What I would add to your definition, to make a distinction from the common usage of compilation, is that the target language is on an approximately equivalent level of abstraction to the source. So, for example, Rust -> machine code is not transpilation, but Rust -> C++ is.

I think this is how the word is commonly understood, and it’s not useless (even if there’s no absolute standard of when it does or does not apply).

Edit: sorry, realise I should have read the article before commenting. The article calls out my definition as one of their ‘lies’. I guess I just disagree with the article. Words can be useful even without a 100% watertight definition. They’re for communication as well as classification.

kryptiskt|3 months ago

One of the problems is that you might not use the target language at the equivalent level of abstraction.

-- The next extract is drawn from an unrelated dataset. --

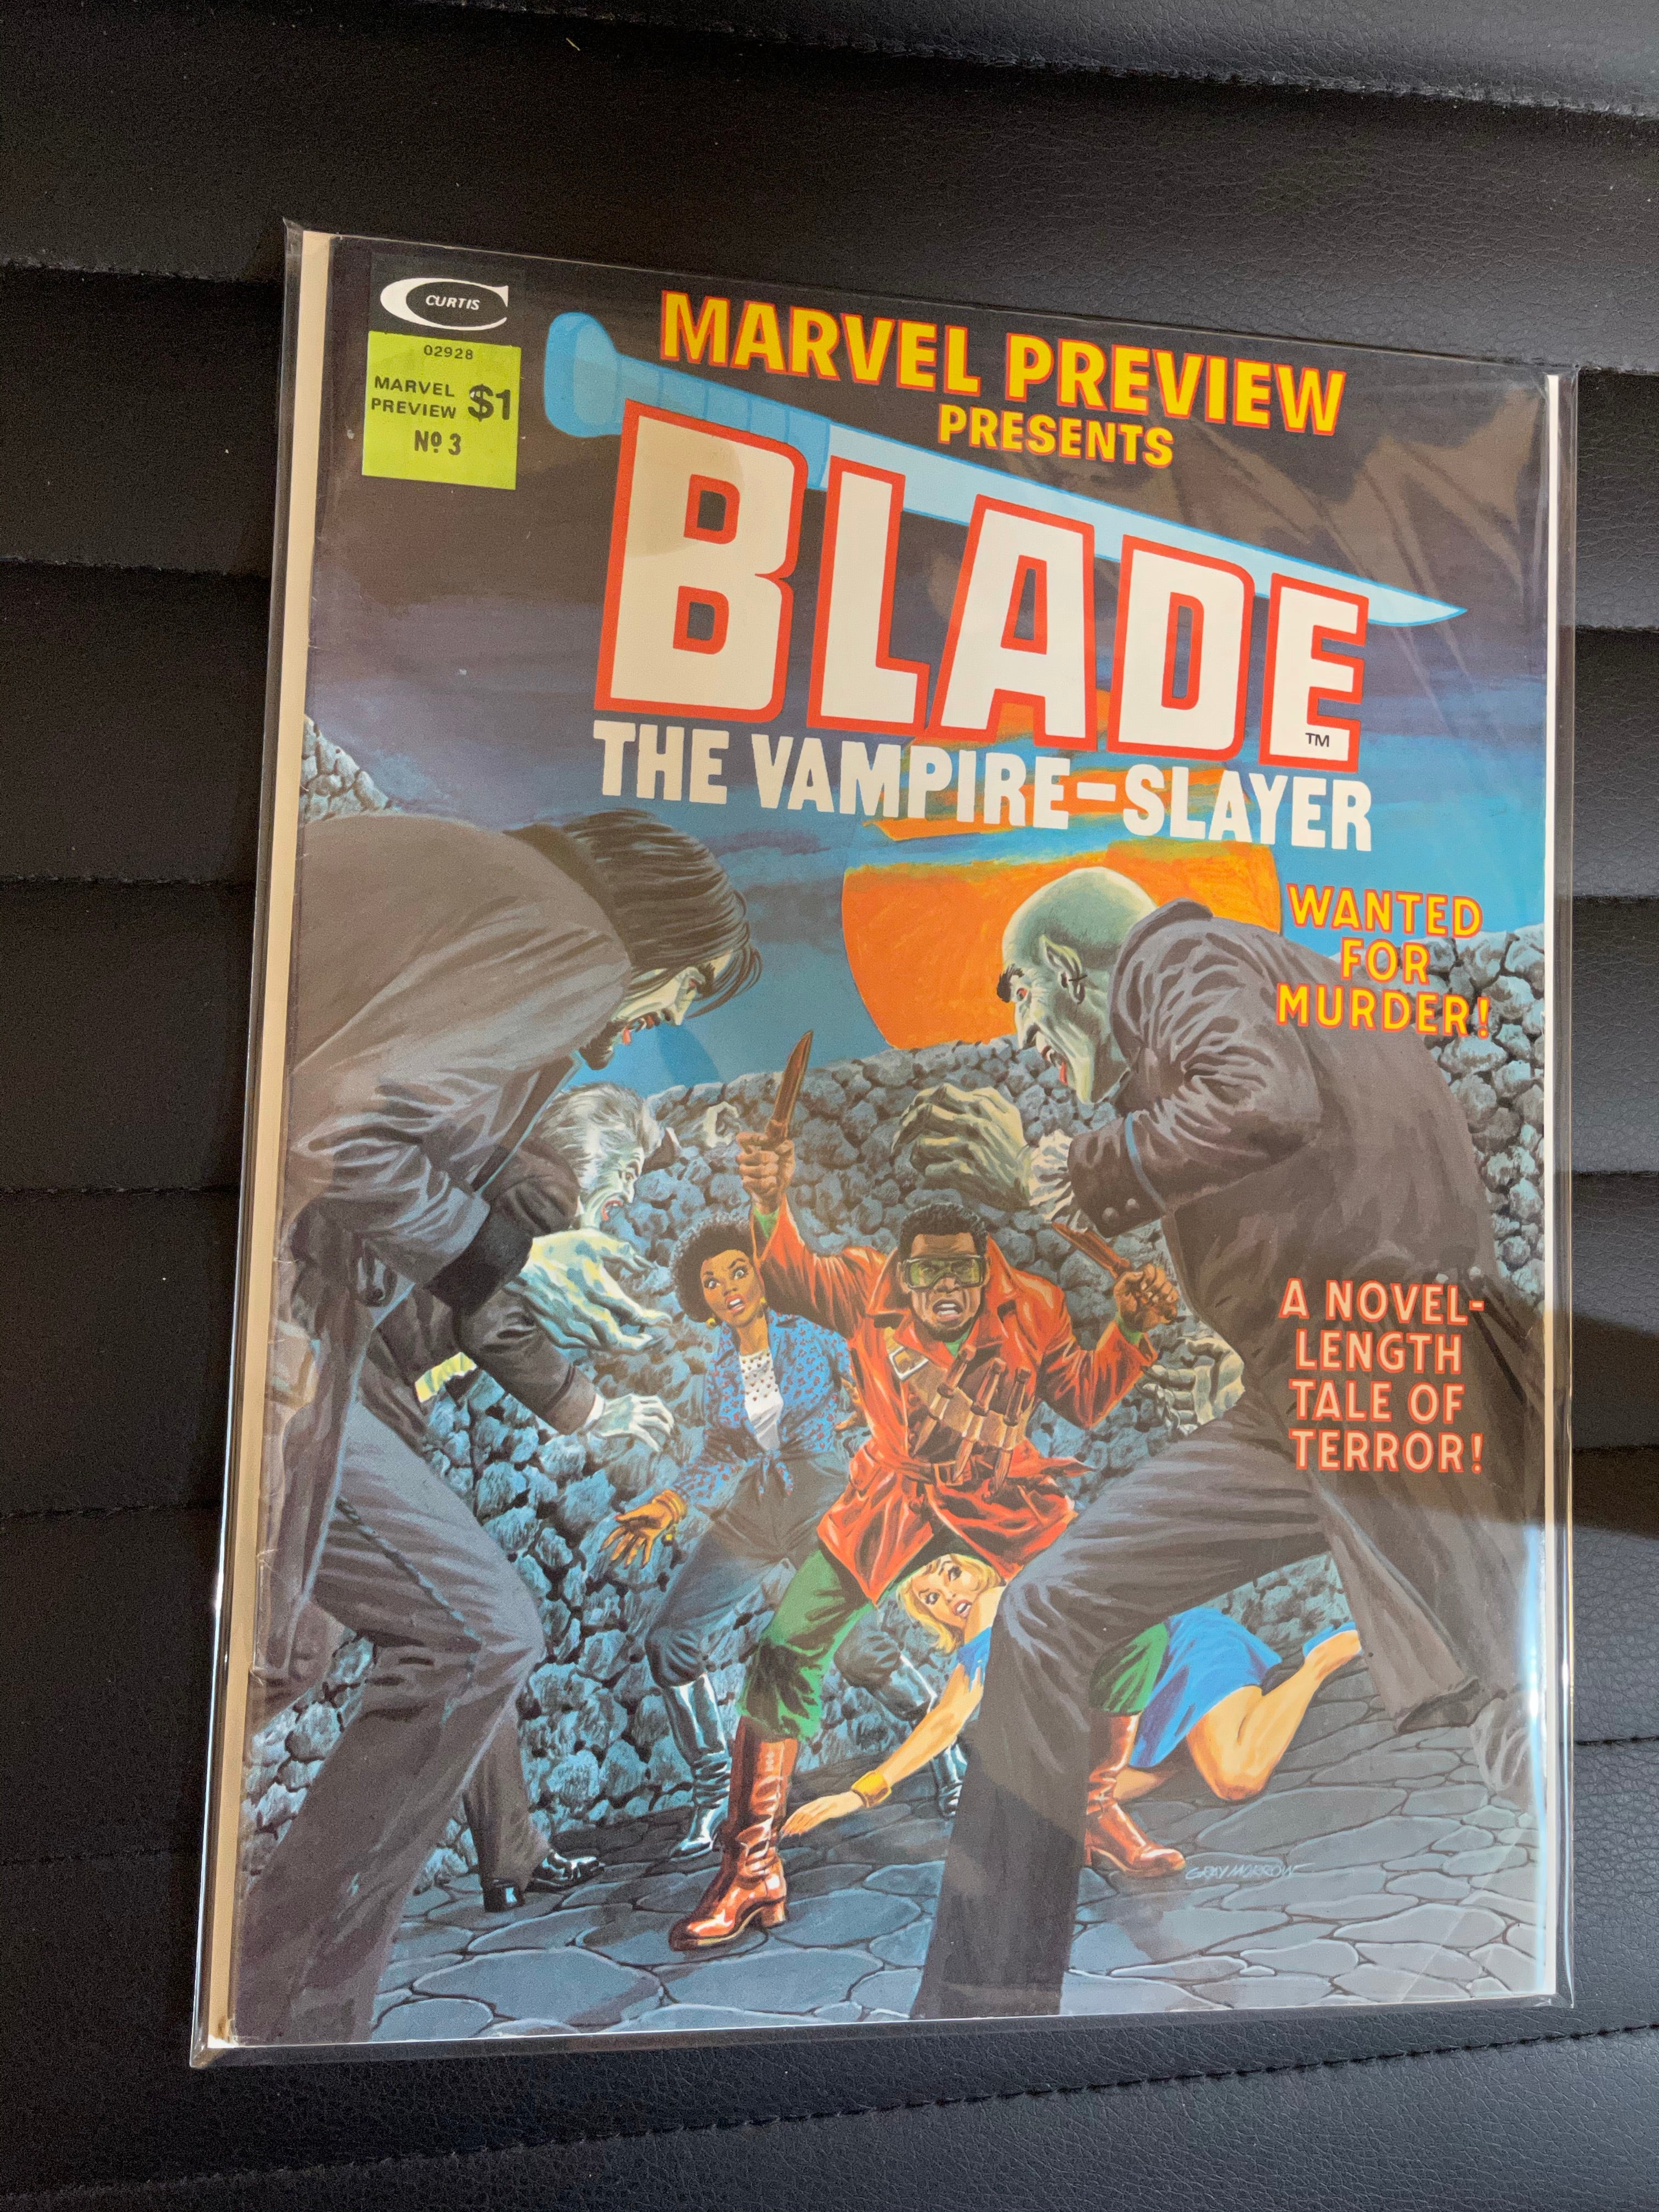 Marvel Preview #3 Blade the Vampire Slayer comic magazine
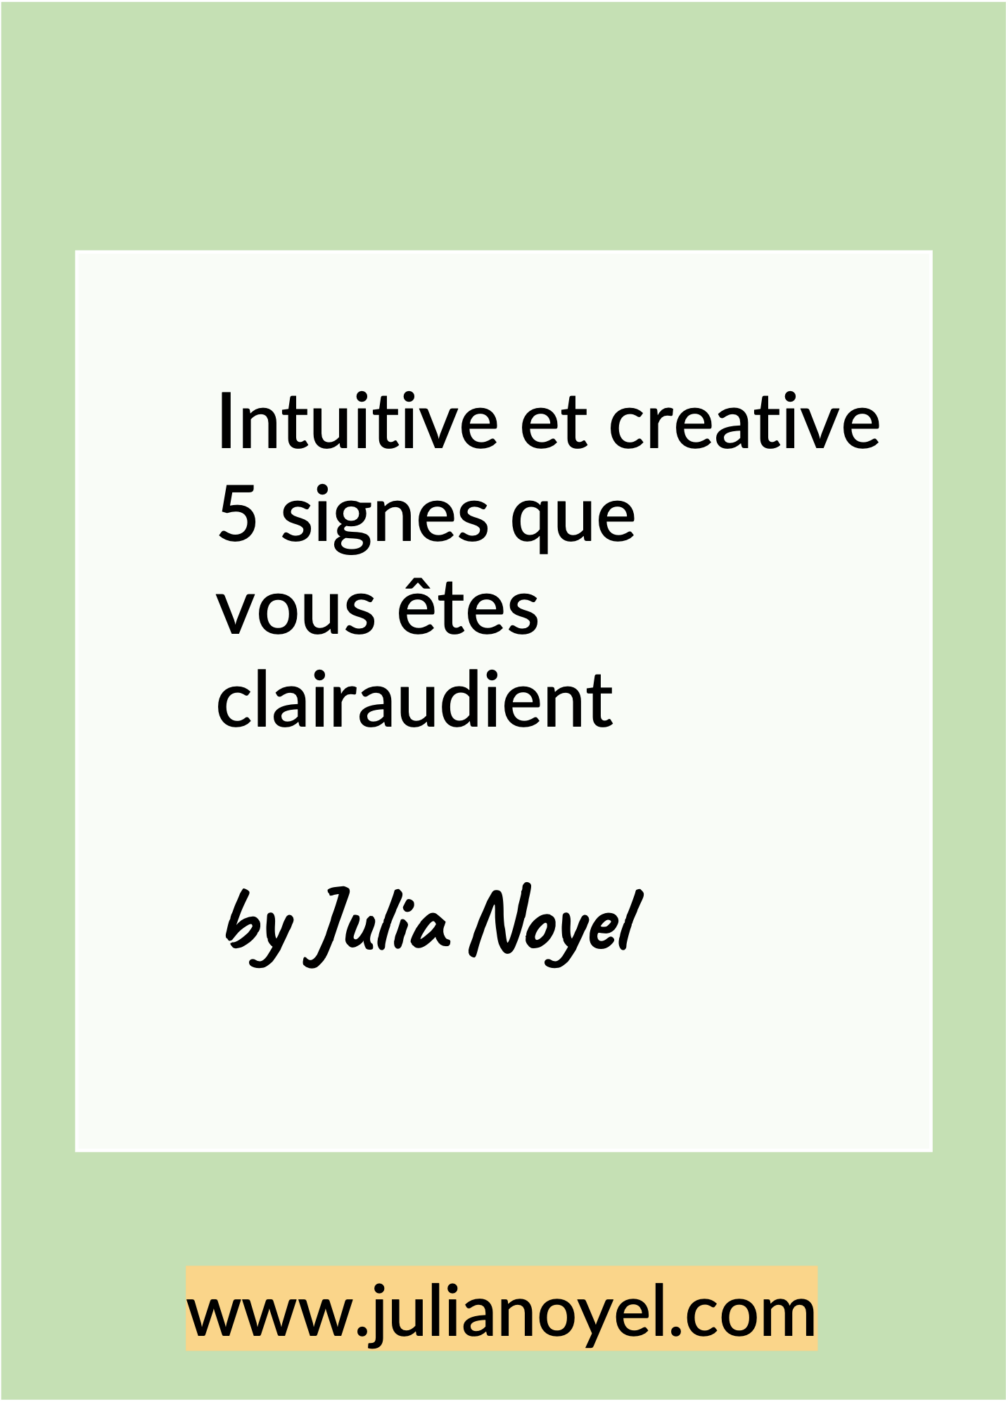 Intuitive et creative 5 signe

For example, C is a popular target language, but the C emitted may be very unidiomatic and nothing like human consumable code, it's not all that unusual that a language compiles all code to one big C function where the function calls in the language are jumps, which is a way to get around the limitations of the C calling conventions and stack.

The same thing applies to compilation to Javascript, the resulting code may use a tiny subset of the language.

I don't like the word transpiler, because there is nothing useful about the distinction (unless you count people using it to denigrate compilers that doesn't target traditional machine code).

I could see the case of using it as a name when the transformation is reversible, like you could probably turn Javascript back into Coffeescript.

writebetterc|3 months ago

What value does the word have? When I'm writing a compiler, it doesn't matter whether I target C or asm, or Javascript, as my output language. I'll still write it the same way.